In tensor mode, the observation data is processed differently to accommodate
more complex models. Indicators specific to individual investment instruments,
such as the Money Flow Index (MFI) or Relative Strength Index (RSI), are
identified using the multiindex of the pandas dataframe. These indicators are
extracted to form a tensor I, with dimensions of instruments x lookback x indicators. 

Additionally, global indicators that affect all instruments simultaneously,
such as the Volatility Index (VIX) or interest rates, are extracted similarly.
This global tensor G is then replicated across the number of instruments and
concatenated with tensor I, resulting in the final observation tensor O.

![obs_tensor](./_static/obs_tensor.png)

Unlike the traditional (height x width x channels) format used in CNNs for
computer vision, Gymfolio returns the tensor as Channels x Height x Width or
instruments x lookback x indicators.
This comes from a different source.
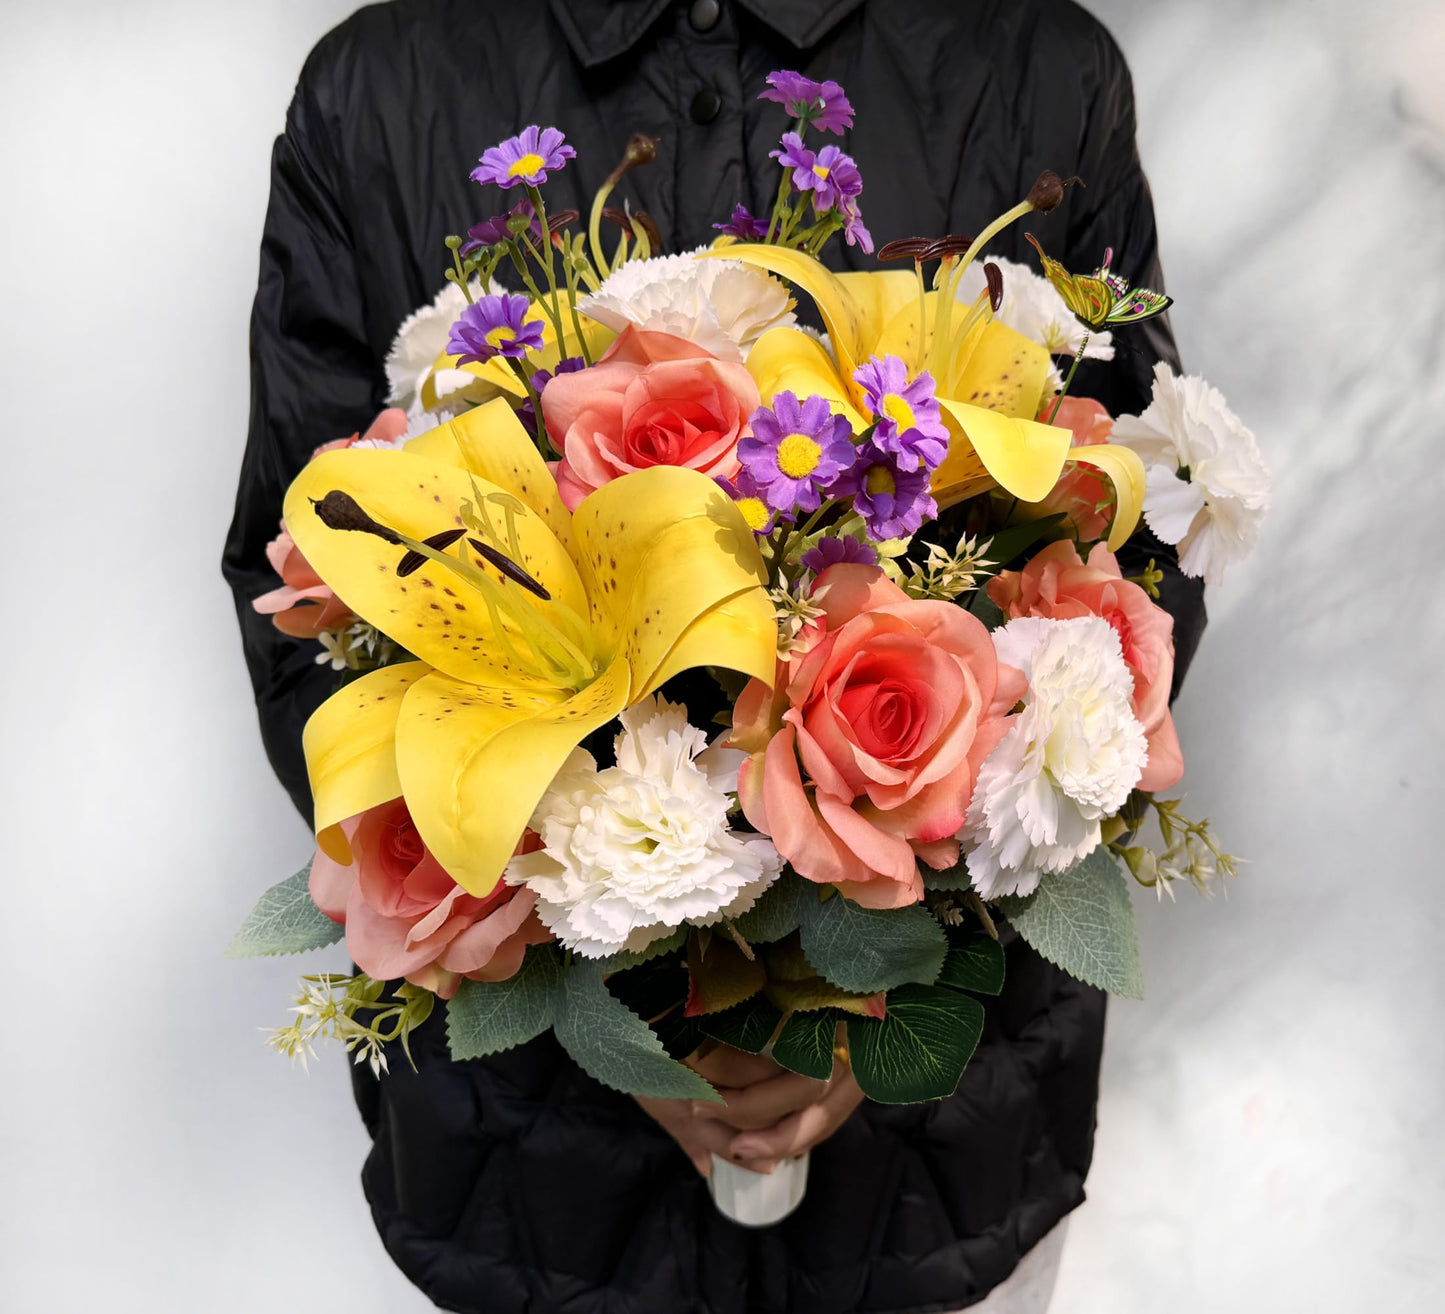 Saxili Silk Artificial Cemetery Flowers - Vivid Spring Grave Flower - Outdoor Headstone Flower Decorations - Lily Rose Carnations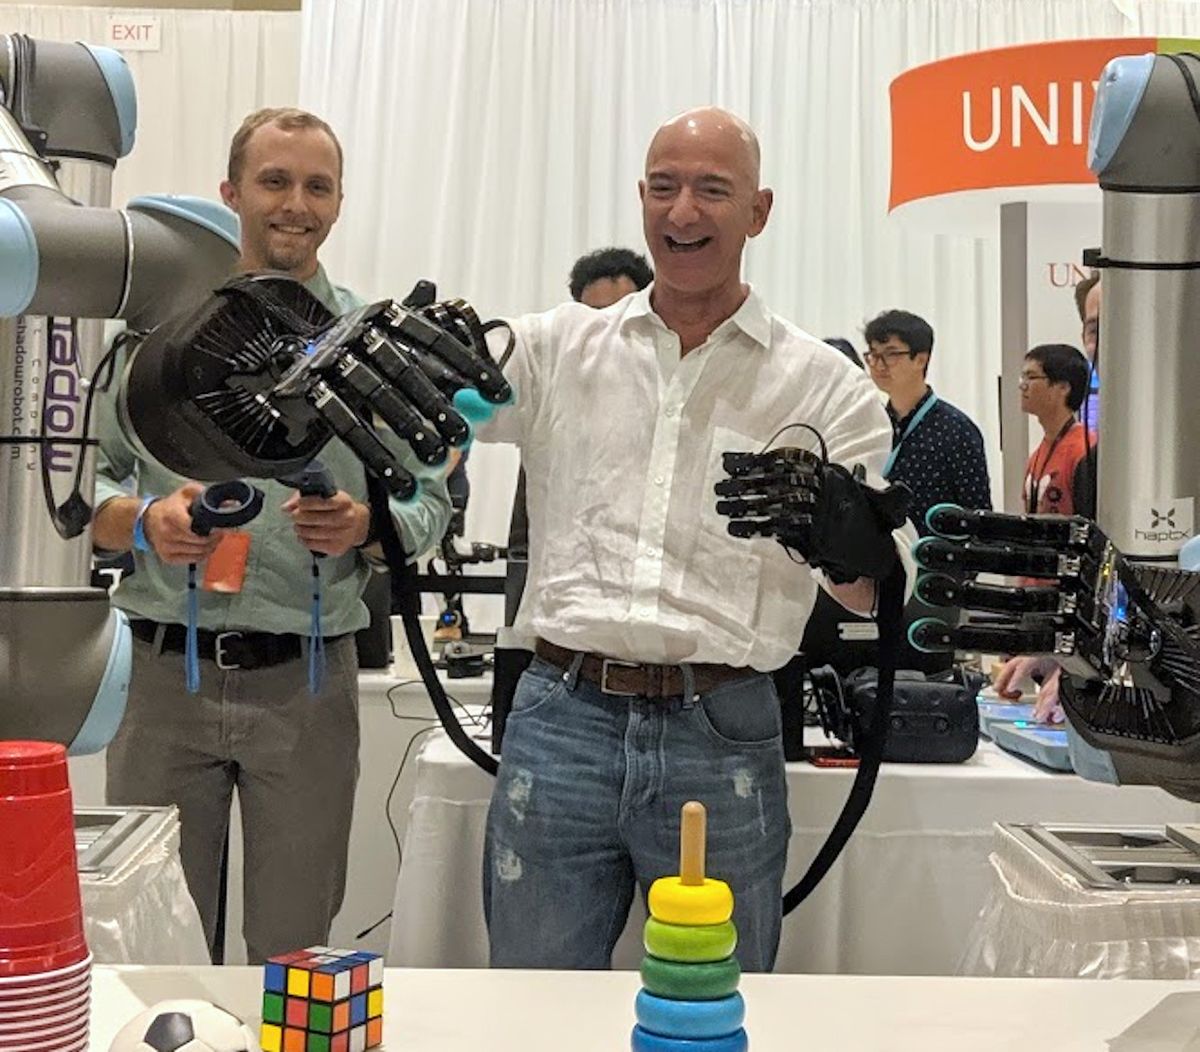 Amazon CEO Jeff Bezos tries dexterous robot hand at re:MARS conference

This arrangement ensures compatibility
with high-level reinforcement learning libraries like [StableBaselines3](https://stable-baselines3.readthedocs.io/en/master/), allowing
for seamless integration and utilization of advanced RL algorithms.



### Other considerations
- **Risk-free rate**: The return on an investment with zero risk, providing a baseline against which to measure other investments.
It is used in variants like the Sharpe ratio environment. 

- **Slippage**: The difference between the expected price of a trade and the price at which the trade is executed.
It is used in the `continous_weights=True` case as a negative contribution in the returns of the first day. In the `continous_weights=False` it 
only impacts the buys and sales. 

- **Transaction costs**: Expenses incurred when buying or selling securities, including commissions and fees.
  As with the slippage, t is used in the `continous_weights=True` case as a negative contribution in the returns of the first day. In the `continous_weights=False` it
  only impacts the buys and sales.

## Other environments

### Sharpe ratio environment 
The Sharpe ratio environment replaces the cumulative log-returns as the reward by the Sharpe ratio between periods. Code is located in 
`src/envs/custom/SharpeEnv`. 

The Sharpe ratio is computed as:

$$S = (R_p - R_f) / \sigma_p$$ 

where $R_p$ is the expected annualized portfolio return, $R_f$ is the risk-free rate, and $\sigma_p$ is the standard deviation of the portfolio's excess return.

This environment only modifies the `compute_reward` method of the environment class and adds three additional attributes:

* `riskfree_rate`: risk free rate to compute the numerator of the sharpe ratio (r-Rf).
* `periods_per_year`: periods per year to annualize returns for the Sharpe ratio computation.
* `compute_cumulative`: use the whole trajectory of the episode or just the last returns for the computation of the Sharpe ratio.


### Tracking error environment 
The tracking error environment replaces the reward by the tracking error between the portfolio returns and a series of reference returns, usually an index like the 
SP500. Code is located in `src/envs/custom/TrackingErrorEnv`.

The tracking error is computed as the standard deviation between the portfolio returns and the reference returns.
This environment modifies the `compute_reward` and `step` methods of the environment class and adds one additional attribute:

* `df_reference`: pd.DataFrame with the reference returns (tracked instrument).



## Agents

The goal of Gymfolio is to provide the main building blocks and wrappers for portfolio optimization, 
that can be used and extended with low or high level implementations of RL agents  using any python library (numpy, Tensorflow, PyTorch, PTAN or StableBaselines3).

Gymfolio is compatible with most of the Stable Baselines 3 agents, and has been tested with a subset of them both with discrete and continuous action spaces. 
Gymfolio also has been successfully used in training Decision Transformers, generating trajectories to train the agent offline.